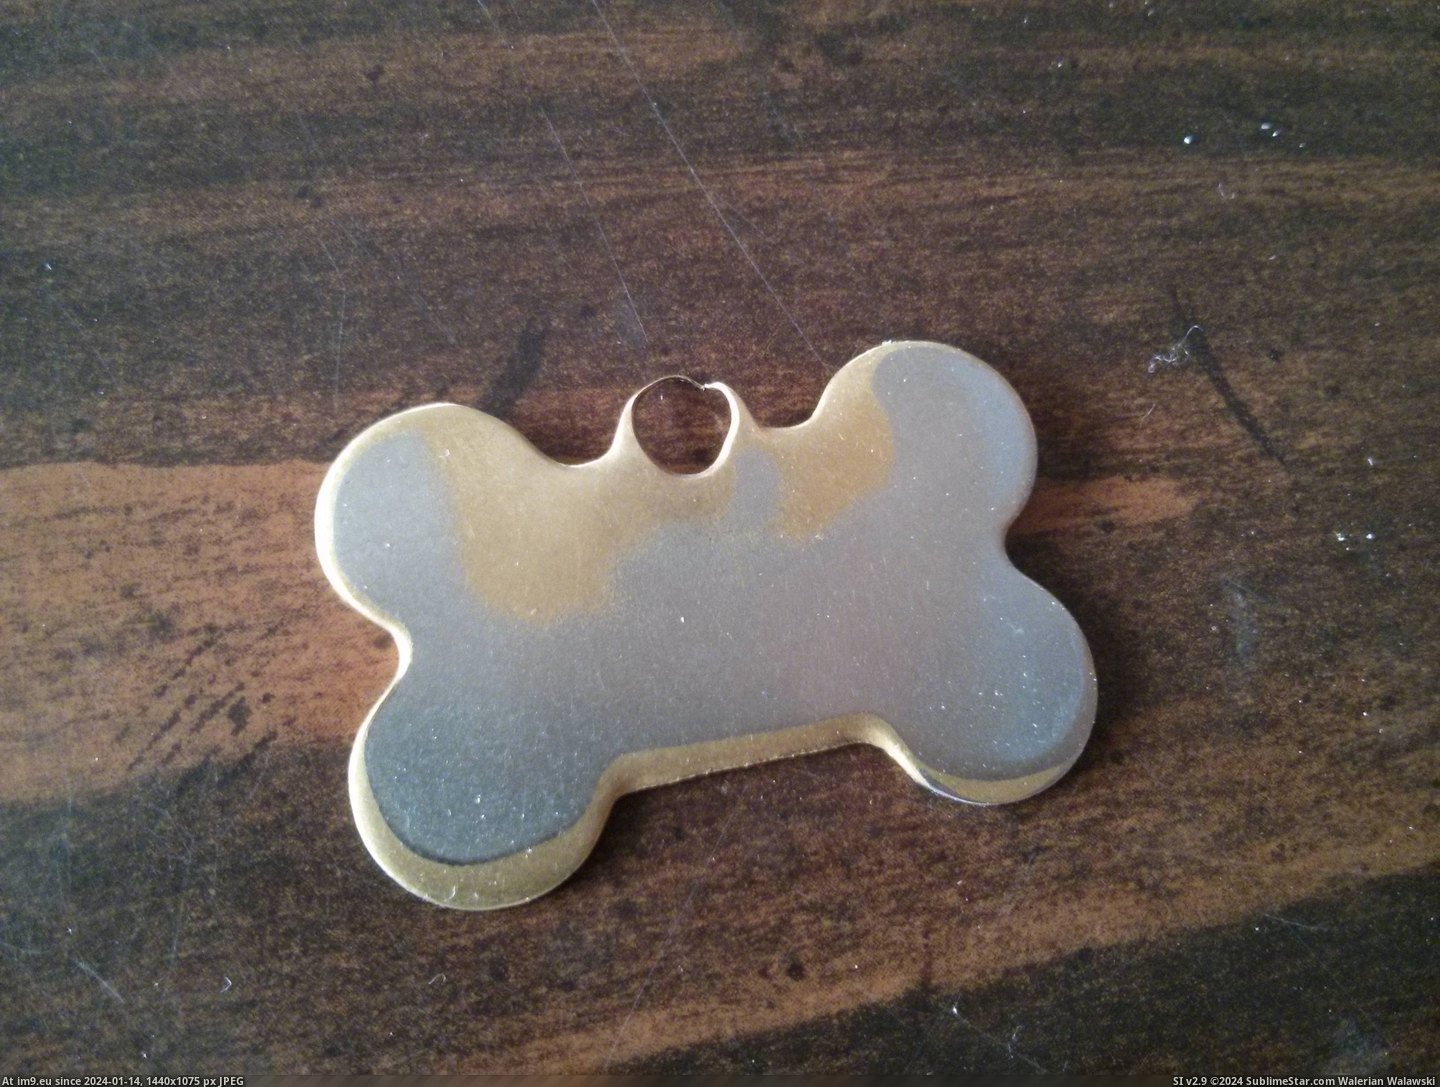 #Years #Out #Tag #Dog #Wore [Mildlyinteresting] My dog's dog tag wore out after 12 years Pic. (Bild von album My r/MILDLYINTERESTING favs))
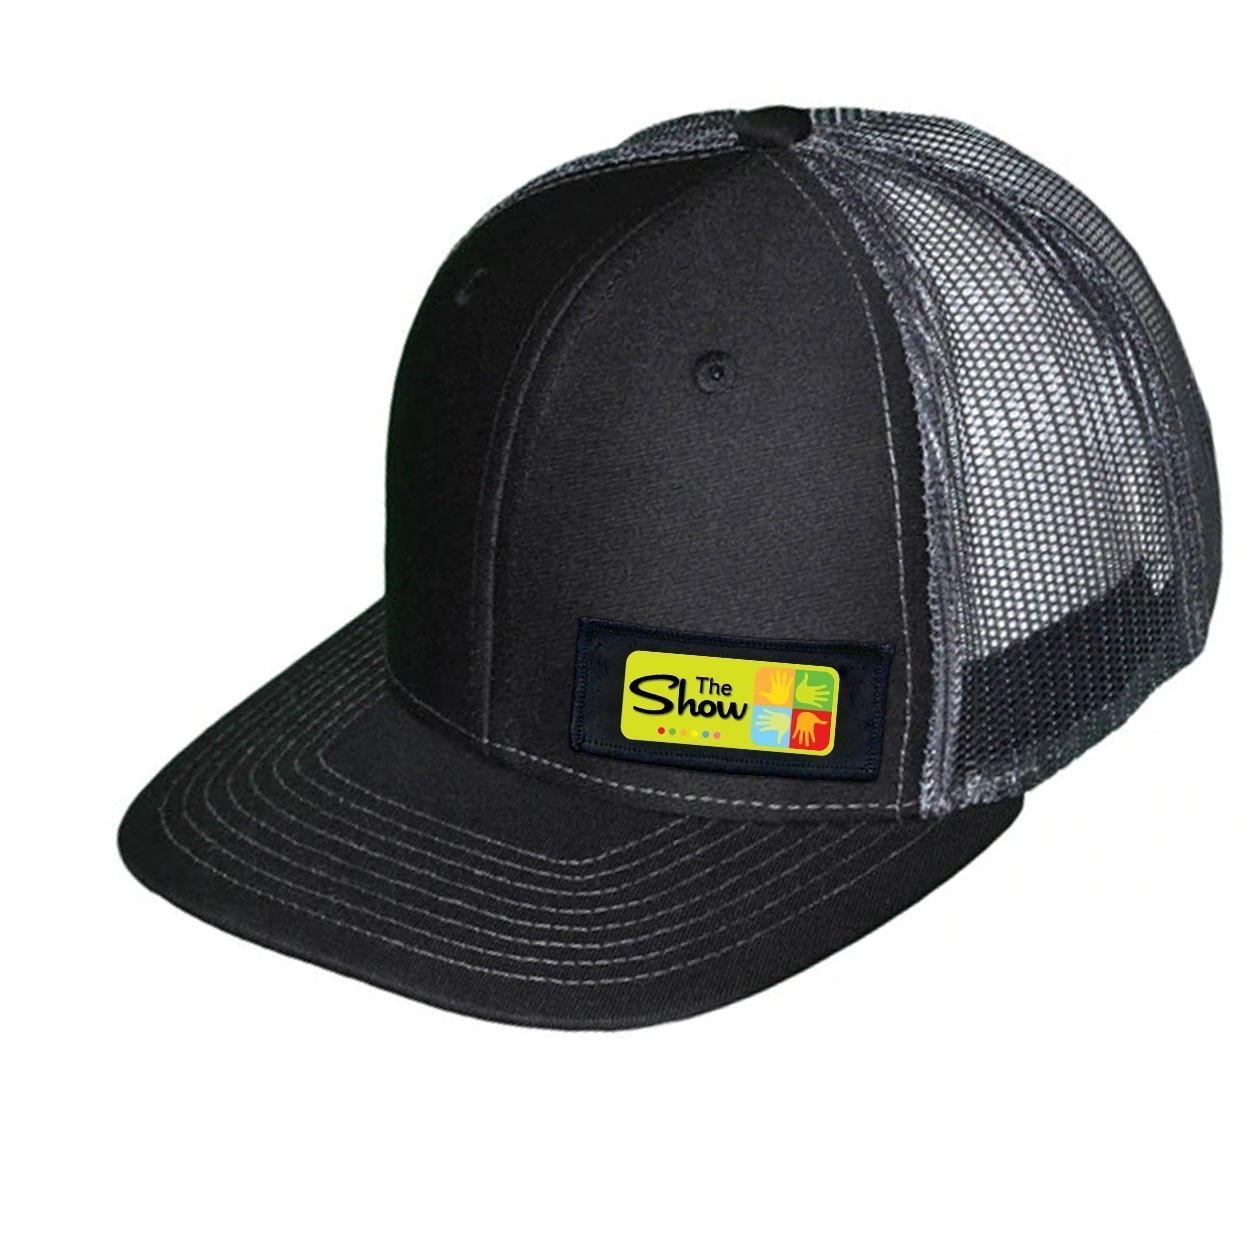 The Show Art Gallery Night Out Woven Patch Snapback Trucker Hat Black/Dark Gray (White Logo)
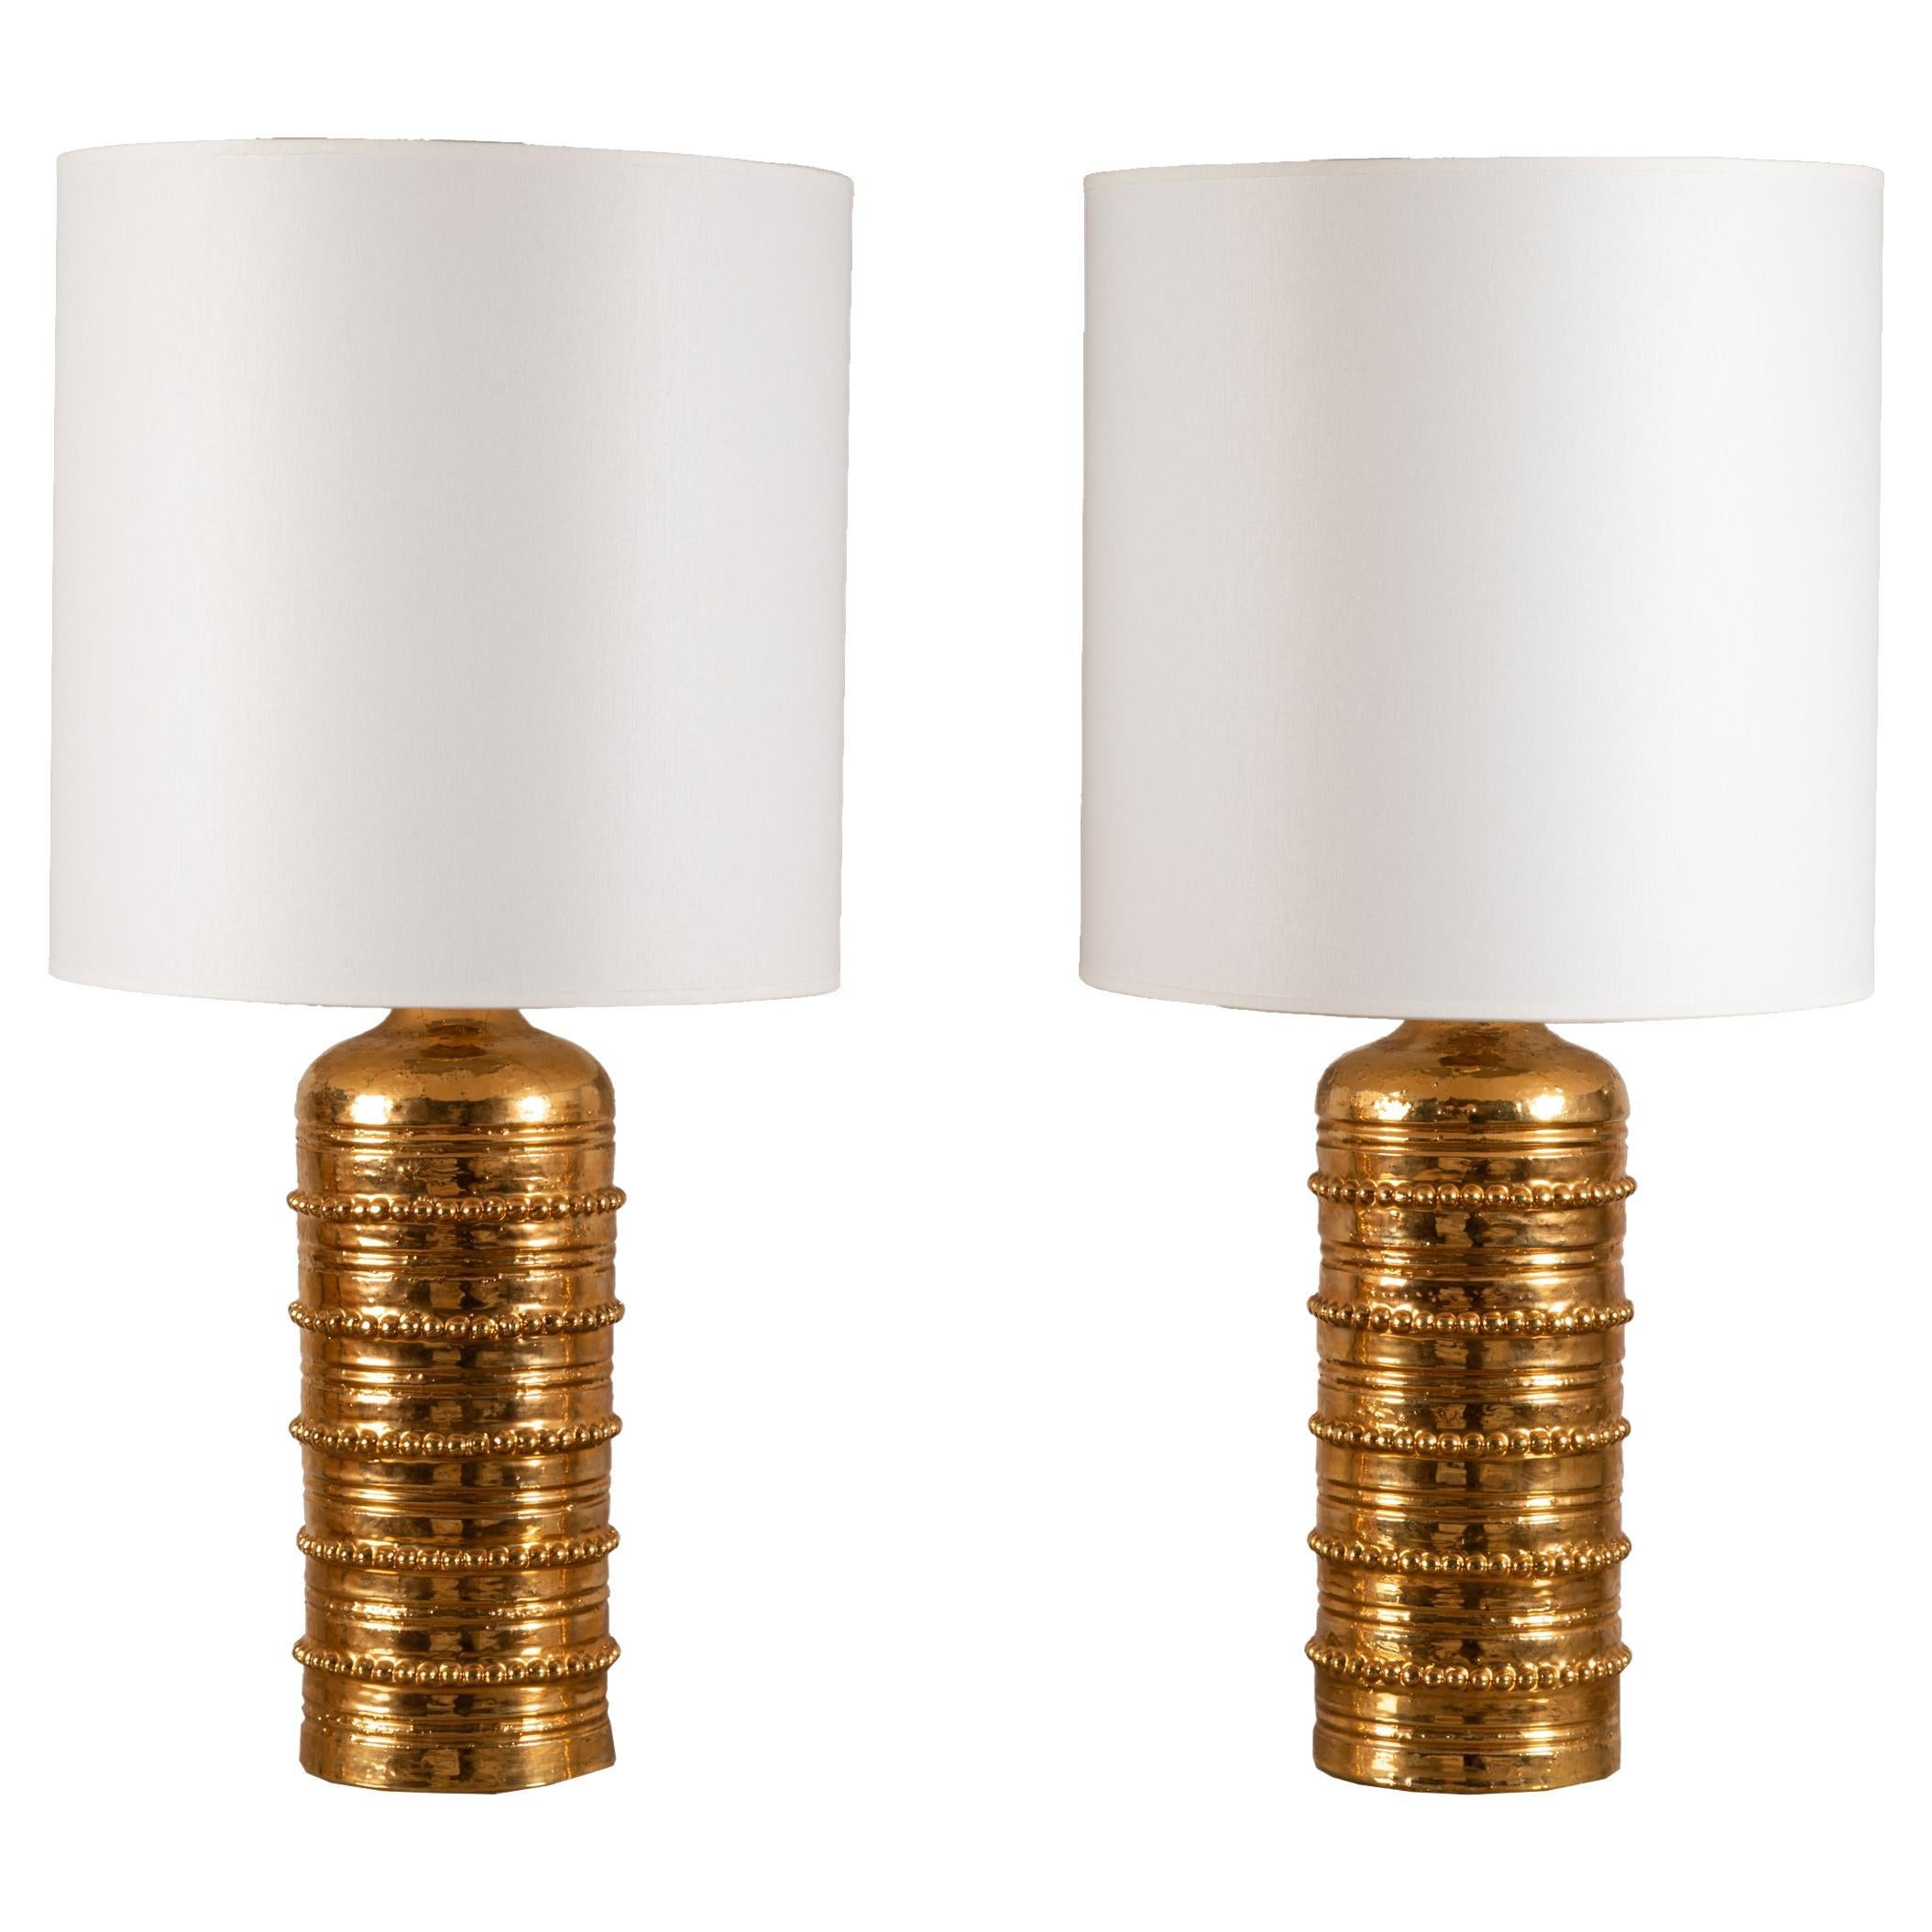 Pair of Gilded Ceramic Lamps by Bitossi

## TASK
Whenever you reach a picture, pass over it; print all the other material exactly.

## EXERCISE ANSWER
 #Years #Out #Tag #Dog #Wore [Mildlyinteresting] My dog's dog tag wore out after 12 years Pic. (Bild von album My r/MILDLYINTERESTING favs))
 The Show Art Gallery Night Out Woven Patch Snapback Trucker Hat Black/Dark Gray (White Logo)
 Pair of Gilded Ceramic Lamps by Bitossi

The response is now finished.